Do you have an ETA for this? I can't talk for the entire community, but at least for me this is the most awaited feature.


With respect to "*Small sysadmin tasks*", I'll add the specifics in the #1764 issue.


As to *Push*, I didn't know a perl pusher layer was published, could you please indicate where it is? What I believe would be enough here is to have everything up to the point where a web request to APS would be needed (and IMO we could start with just a single server and when everything is working, adapt it for the replication).

Could you please explain the different mechanisms and components involved in the Apple push mechanism (e.g. the daemon interaction with the clients (the XAPPLEPUSHSERVICE extension), daemon -> notifyd communication, notifyd -> perl pusher, perl pusher -> web request to APS) and give us the current status for each of them (e.g. implemented in the repository, to be implemented, under an NDA but DIY with our assistance and contribute back, etc.)?

I know that Apple grants access on a case-by-case basis to some "privileged" implementation details (like those needed for OpenVPN iOS client) under NDAs, but in this case I can't see what functionality outside the Cyrus own code could be under an NDA. Is it the web request functionality? Or the XAPPLEPUSHSERVICE dialog with the mail.app (but this part is already implemented in the v3.0, right)?
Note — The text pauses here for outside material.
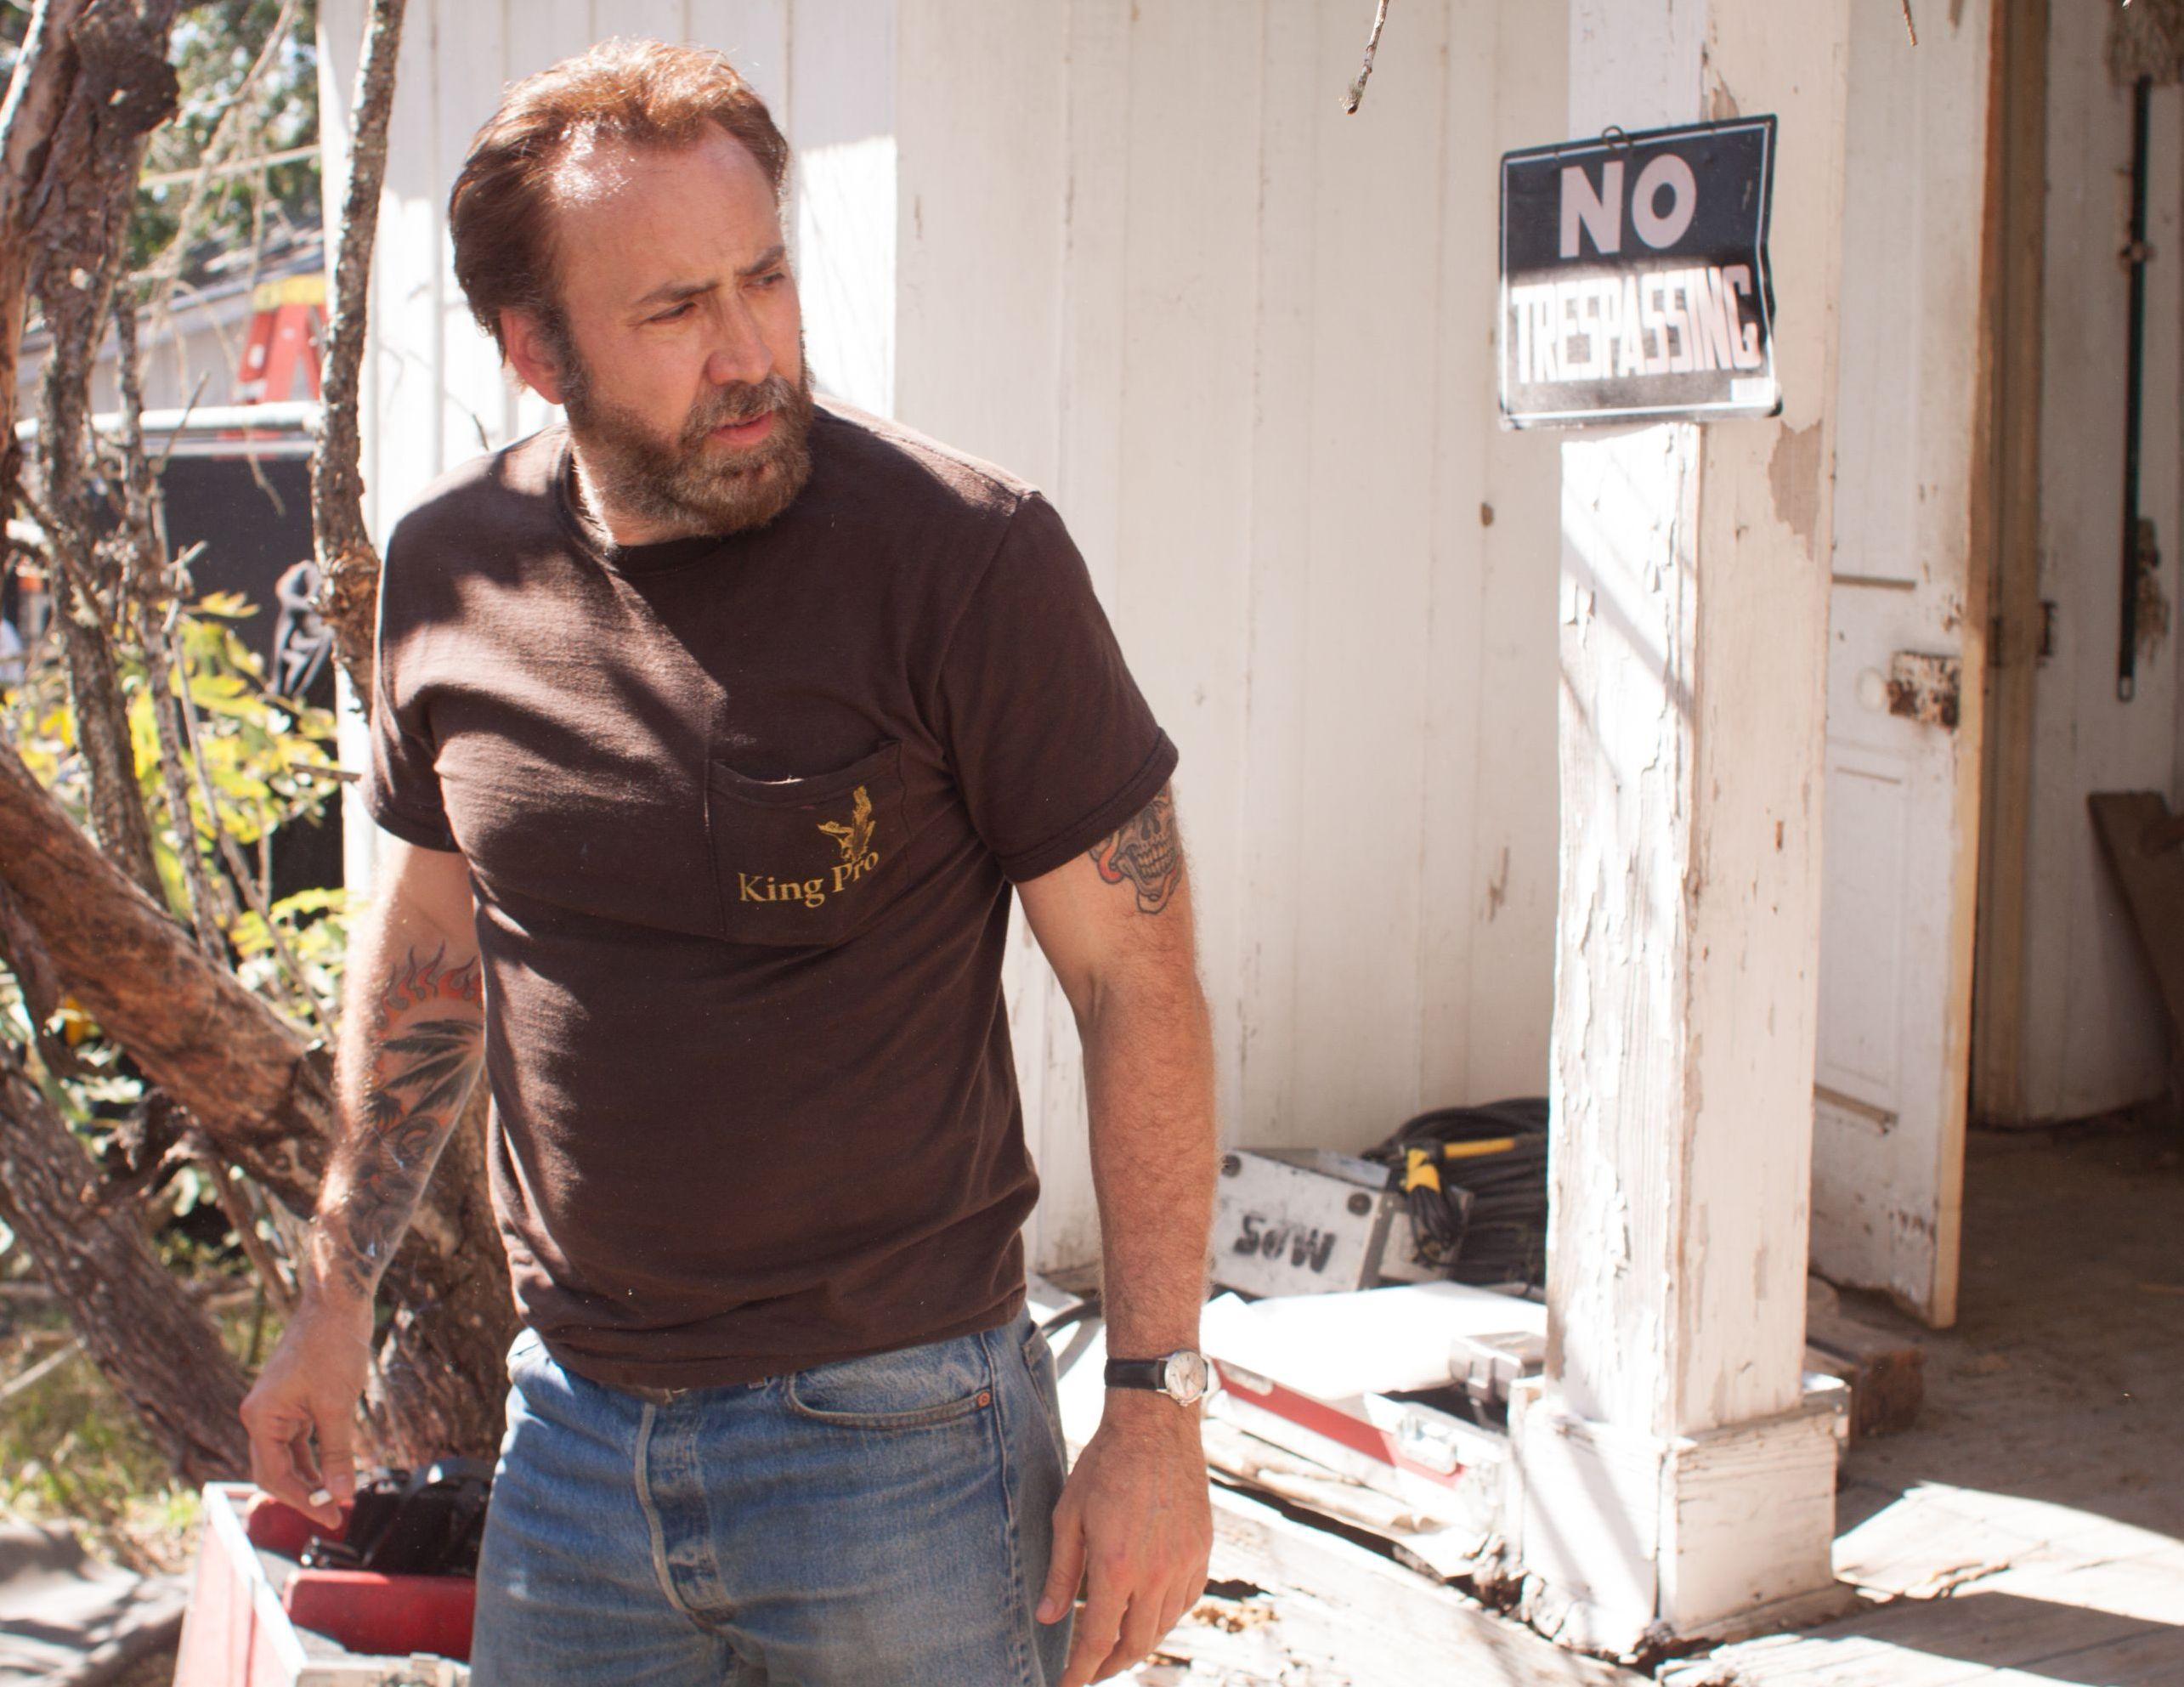 Nicolas Cage as Joe, No Trespassing

If I'm not wrong, the push itself (i.e. the mechanism to inform the APS servers about an event once there's a token from the client and the certs from Apple), is quite well documented, it's even more simple that the PushKit for VoIP apps. Could you please shed some light on this topic (maybe we should create an issue in github to follow this discussion and to track the advances)?
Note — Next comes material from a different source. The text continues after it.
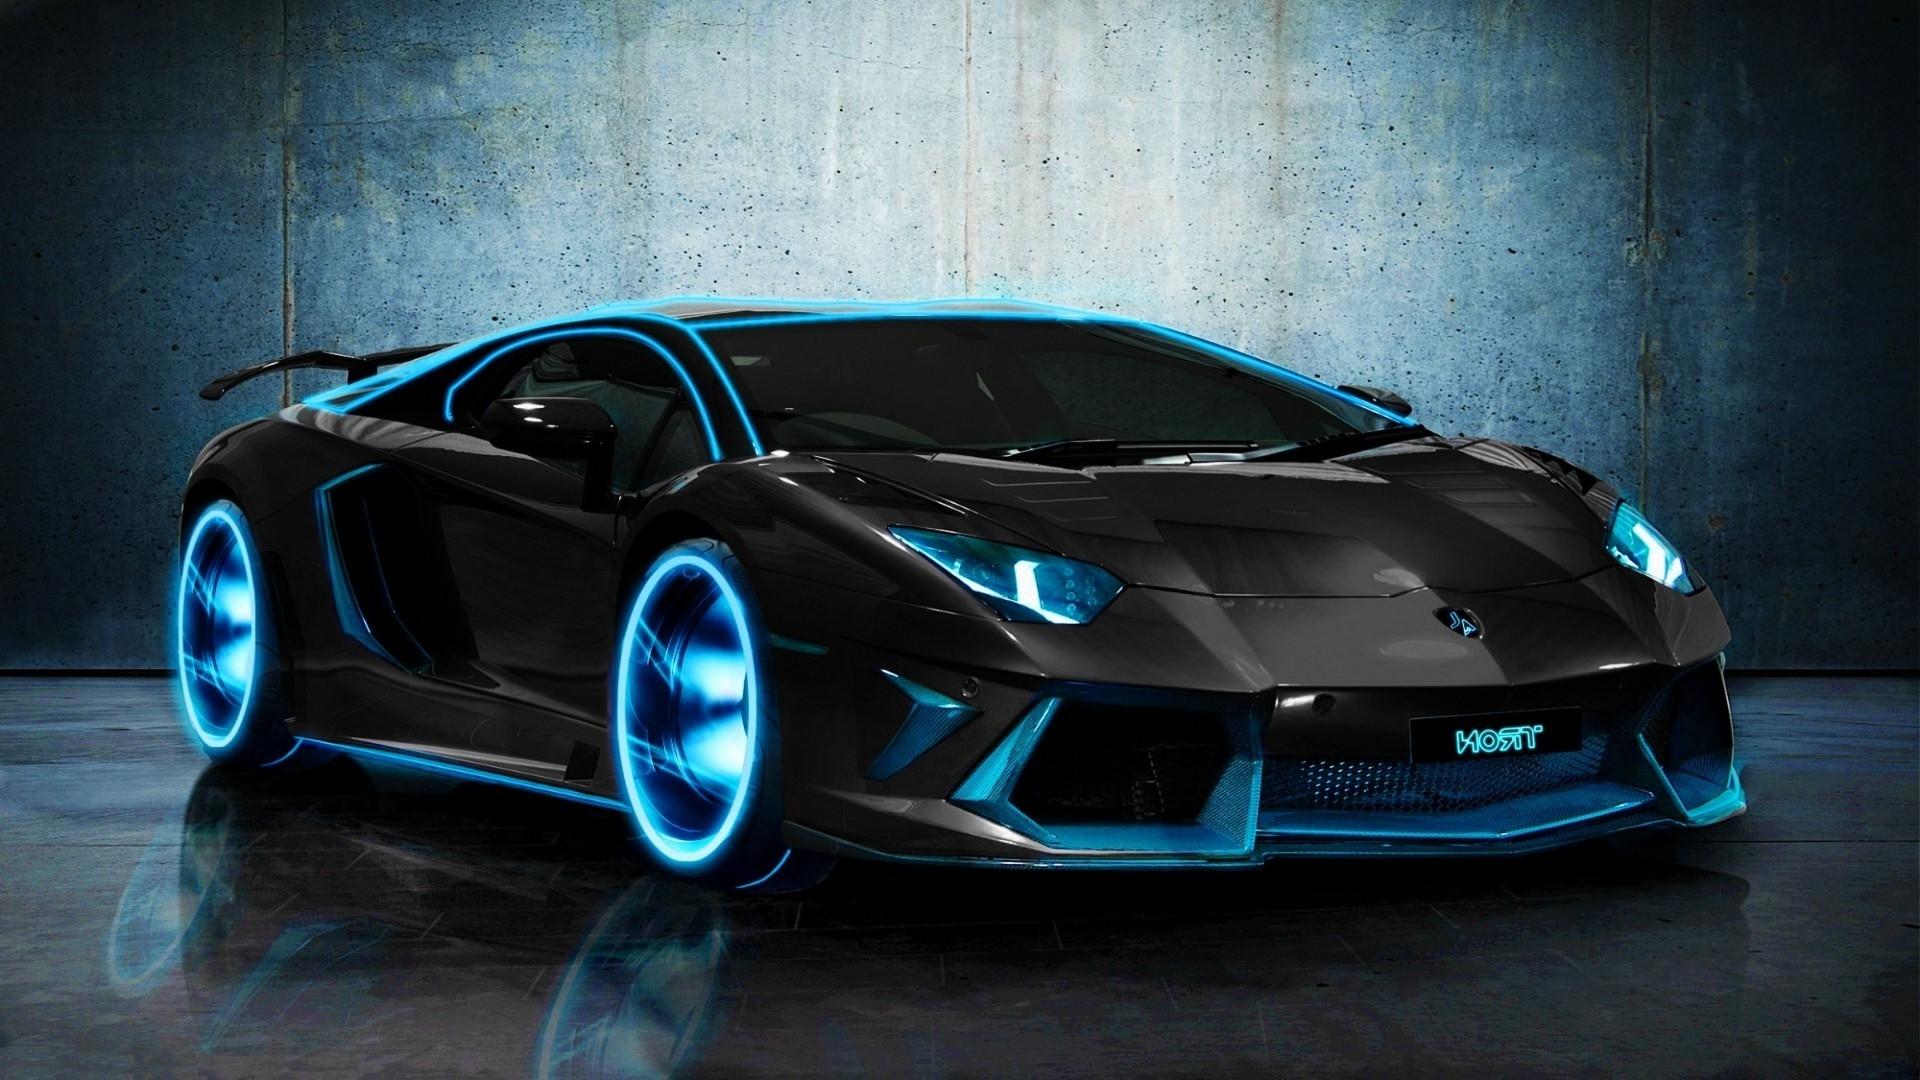 Download Found For Lamborghini Aventador Wallpaper Hd 1920x1080

With respect to *Security*, sure it's enormous effort to considerably improve it in any old project in a single move. A gradual improvement would be a better approach. I would suggest starting some initiatives like the document-the-architecture and document-the-code sub-projects and contribute to them whenever time and other resources permit so they would be completed as a puzzle, piece by piece. And once some part is documented, any change to its code would be first implemented as a change in the corresponding documentation.

There are multiple benefits that greatly outweigh the expected overhead: first a developer would be able to /quickly/ become aware of the implementation details of the part to be modified (with a side effect of better understanding the implications of the intended change, i.e. less chances of breaking something and the change itself would be more aligned with the overall architecture). Then, while writing the documentation for the intended change, the developer could realize that there are better ways of achieving the same objective. And once the change is implemented, the developer would be able to complement the documentation for the undocumented parts with the insights he/she just gained. Some sort of a circular feedback.

Another benefit (depending on the internal organization of the dev team) is that more experienced developers could write the documentation for the changes (that would hold some relation with the formal specification), junior members would be those implementing the changes according to the documentation and, once ready, the senior developers would perform code reviews of the modifications - so even unexperienced developers and newcomers in your internal team could actively participate in the project. And of course the community would contribute more as now, without enough understanding of the internals and the overall architecture, it's a significant effort for an occasional contributor to implement any change at all.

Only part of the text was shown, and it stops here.